Central banks have begun requiring the banks they regulate to perform stress tests that account for and measure the effects of climate change on market risk and credit risk in their portfolios. This kind of mandatory risk modelling is a growing trend in the financial services industry and ultimately challenges financial institutions to weave the impact of climate change into their investment strategies.

This blog was written by Anne Gruz, Head Climate Financial Risk with Green RWA, a non-profit organization that seeks to put a framework around how to gauge climate metrics in the financial industry.

Green RWA has proposed the Climate Extended Risk Model (CERM) that essentially extends the ASRF credit risk model to N factors and helps banks calculate expected and unexpected credit losses and probability of default using climate risk scenarios and climate corporate data to compute these metrics.

In this blog we demonstrate through one example how to leverage the CERM and provide estimates of climate risk embedded in a loan book with tools to explore various scenarios.

During the 21st century, man-made carbon dioxide emissions in the atmosphere will raise global temperatures, resulting in severe and unpredictable physical damage across the globe. Another uncertainty associated with climate, known as the energy transition risk, comes from the unpredictable pace of political and legal actions to limit its impact.

The Climate Extended Risk Model (CERM) adapts well-known credit risk models (ASRF) to climate risk and the transition to cleaner fuels. It proposes a method to calculate incremental credit losses on a loan portfolio that are rooted in physical and transition risks, which we outline below.

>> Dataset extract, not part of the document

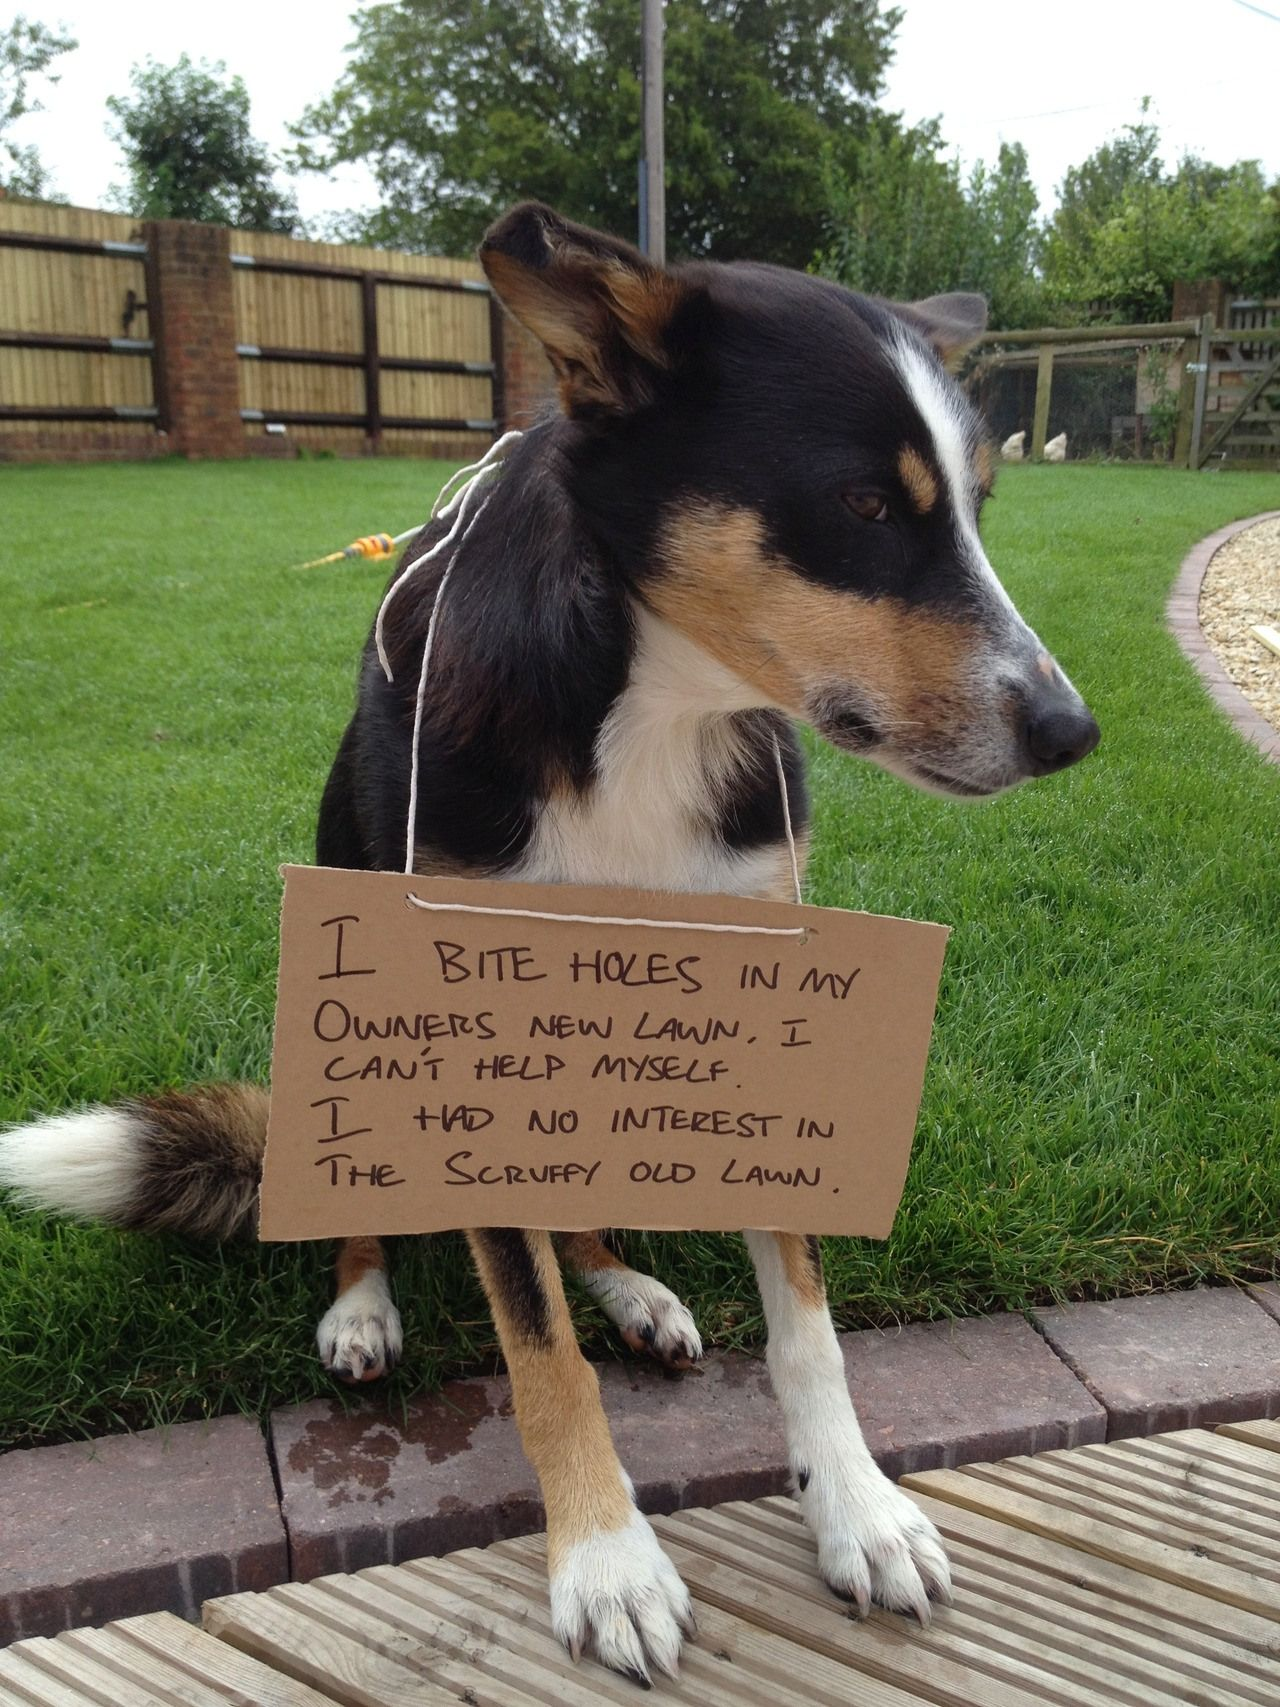 Can U Bury A Dog In Your Backyard - BACKYARD HOME

Doing so, the CERM can provide climate extended metrics for use cases such as:

  • Loan origination and monitoring:
    • to include climate risk in the decision process when entering new loans
    • to quantify exposure against climate limits
  • Climate stress tests exercises:
    • Self-assessments
    • Supervisory
  • Calculation of other metrics
    • Indicators for the purposes of strategy-setting and risk management
    • Internal economic-climate capital
  • TCFD Risk Management and Metrics/Target pillars

For more details on the CERM and on the use cases please visit Green RWA.

In order to explore the CERM capabilities and to play with results we’ve implemented an illustrative version of the model combining backend Python code and ActiveViam’s atoti, a powerful multi-dimensional in-memory data aggregation and analytics tool used to slice and dice results. To integrate data we’ve used atoti’s Python API in a Jupyter Notebook.

We are currently working to provide an end-to-end solution combining climate data, corporate data, calibration, calculation and outputs into a comprehensive framework. To go this extra step further, increasing the amount of data used for analysis and pushing these scenarios to production we can consider Atoti, the commercial version of atoti.

Here are the main steps in the Notebook:

  1. We import necessary Python modules, functions, variables;
  2. We create an atoti session;
  3. We load data via the Python API into several in memory datastores;
  4. Using the CERM  python library, we compute climate metrics that we load into datastores as well;
  5. Joining in memory datastores to a base store, we create the cube with a star datamodel;
  6. We add extra risk measures, defined as Python code;
  7. We generate an url to access the dashboard and slice-dice results

The unexpected losses computation relies on the three metrics: probability of default (PD), loss given default (LGD), and exposure at default (EAD), and on a correlation structure between borrowers via the common impact of systematic risk factors. The calculation is done via a Monte Carlo model on typically 5k – 10k paths, according to the very precise methodology described in the CERM quantitative paper.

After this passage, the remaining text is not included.